Member of the U.S. House of Representatives from Pennsylvania's 19th district
- In office March 4, 1927 – January 3, 1937
- Preceded by: Joshua William Swartz
- Succeeded by: Guy J. Swope

Personal details
- Born: December 19, 1871 Middletown, Pennsylvania, U.S.
- Died: May 28, 1941 (aged 69) Harrisburg, Pennsylvania, U.S.
- Party: Republican

= Isaac H. Doutrich =

American politician

Isaac Hoffer Doutrich (December 19, 1871 – May 28, 1941) was a Republican member of the U.S. House of Representatives from Pennsylvania.

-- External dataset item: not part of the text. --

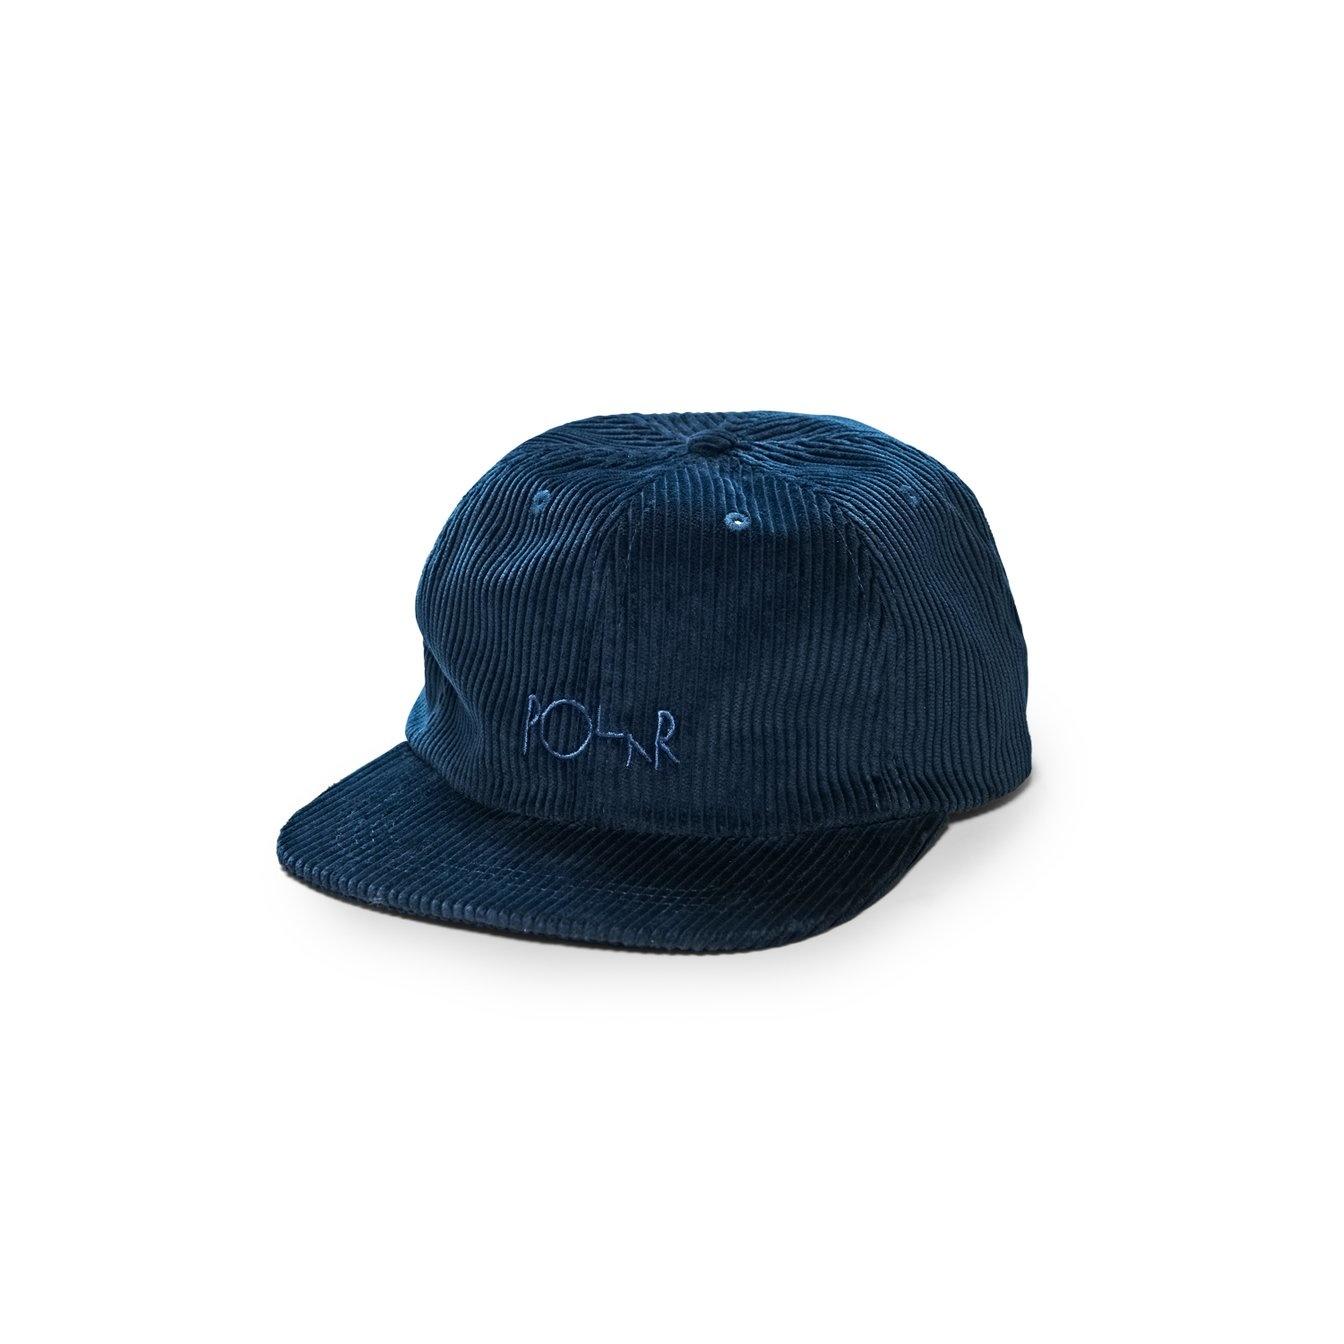 Polar Skate Co. Corduroy Cap Police Blue

He was born on a farm near Middletown, Pennsylvania. He moved to Elizabethtown, Pennsylvania, with his parents in 1880. He attended Keystone State Normal School in Kutztown, Pennsylvania. He worked in the retail clothing business in Middletown and Harrisburg, Pennsylvania. He was also interested in banking and other businesses. He served as a member of the Harrisburg city council from 1924 to 1927.

Doutrich was elected as a Republican to the Seventieth and to the four succeeding Congresses. He ran unsuccessfully for reelection in 1936. After his time in Congress, he reengaged in the retail clothing business in Harrisburg until his death. Interment in the East Harrisburg Cemetery.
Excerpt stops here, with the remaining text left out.